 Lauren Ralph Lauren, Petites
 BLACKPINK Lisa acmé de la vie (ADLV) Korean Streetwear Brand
··········
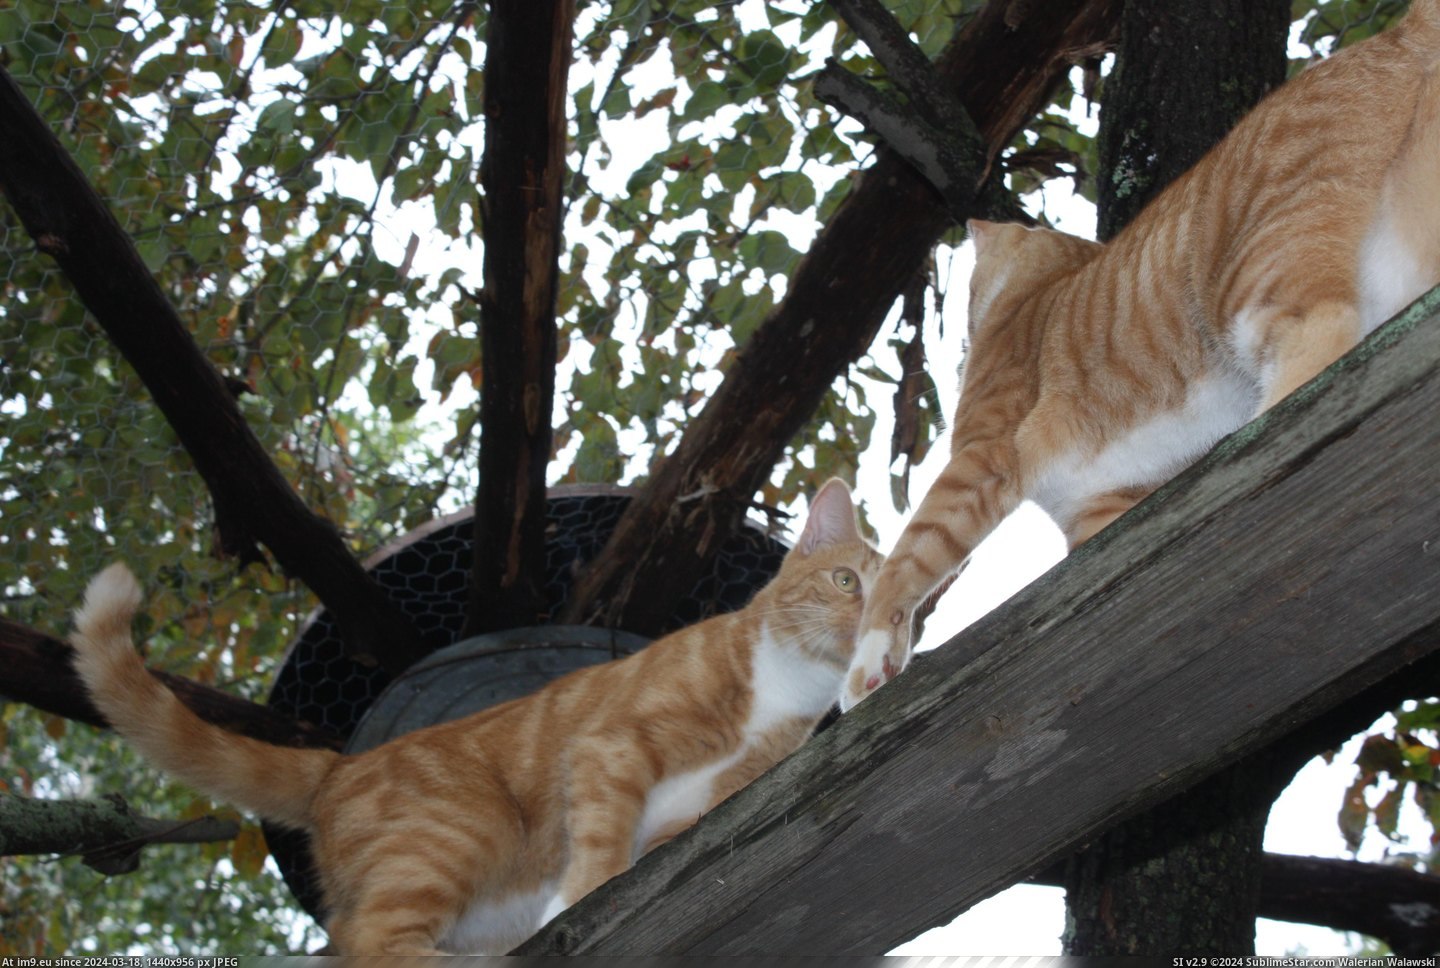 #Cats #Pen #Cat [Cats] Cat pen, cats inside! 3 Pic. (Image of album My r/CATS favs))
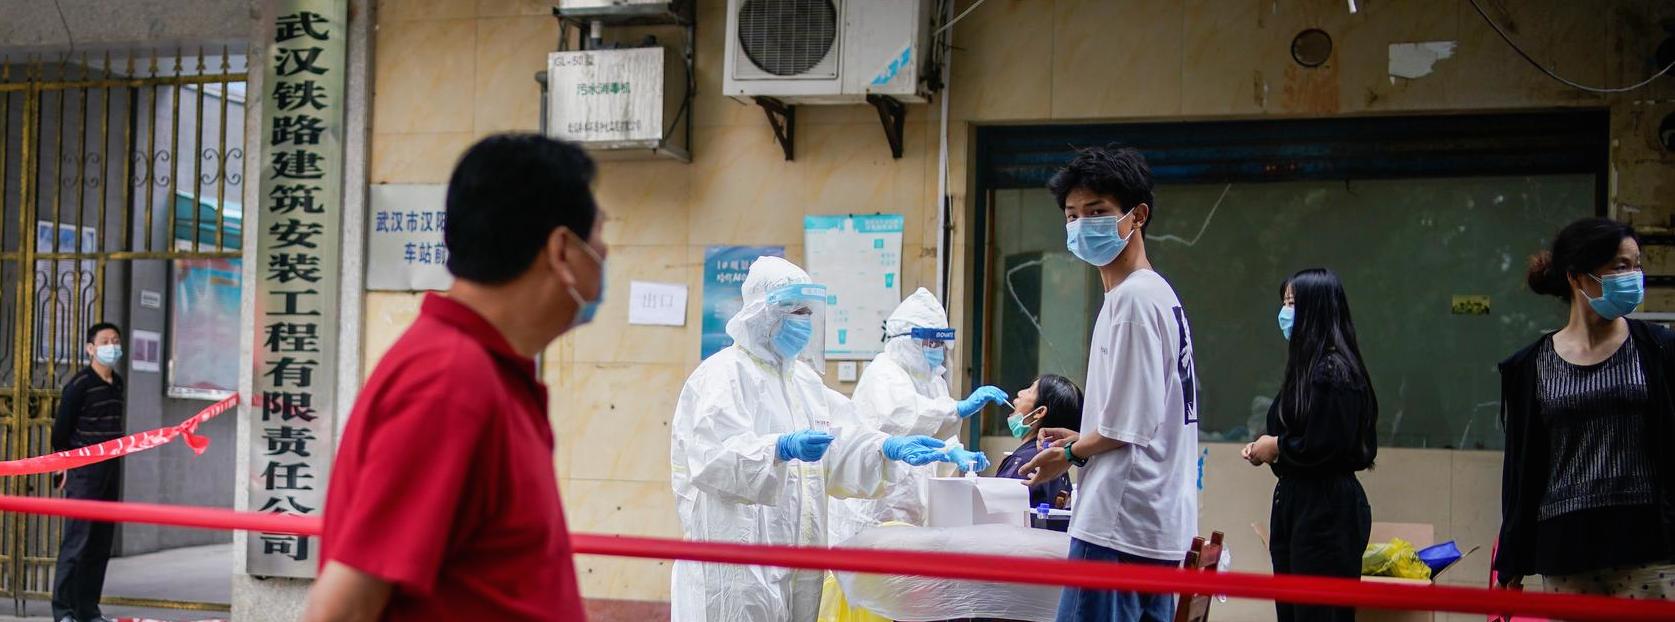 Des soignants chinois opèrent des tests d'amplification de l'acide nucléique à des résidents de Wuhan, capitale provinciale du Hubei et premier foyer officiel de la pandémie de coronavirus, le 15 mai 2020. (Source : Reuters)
··········
§ WHAT TO PRODUCE
Skip every picture, and restate word for word only the lines above from the line containing "#Cats #Pen #Cat" to the line containing "Des soignants chinois", both of them included.

§ RESULT OF THIS TASK
 #Cats #Pen #Cat [Cats] Cat pen, cats inside! 3 Pic. (Image of album My r/CATS favs))
 Des soignants chinois opèrent des tests d'amplification de l'acide nucléique à des résidents de Wuhan, capitale provinciale du Hubei et premier foyer officiel de la pandémie de coronavirus, le 15 mai 2020. (Source : Reuters)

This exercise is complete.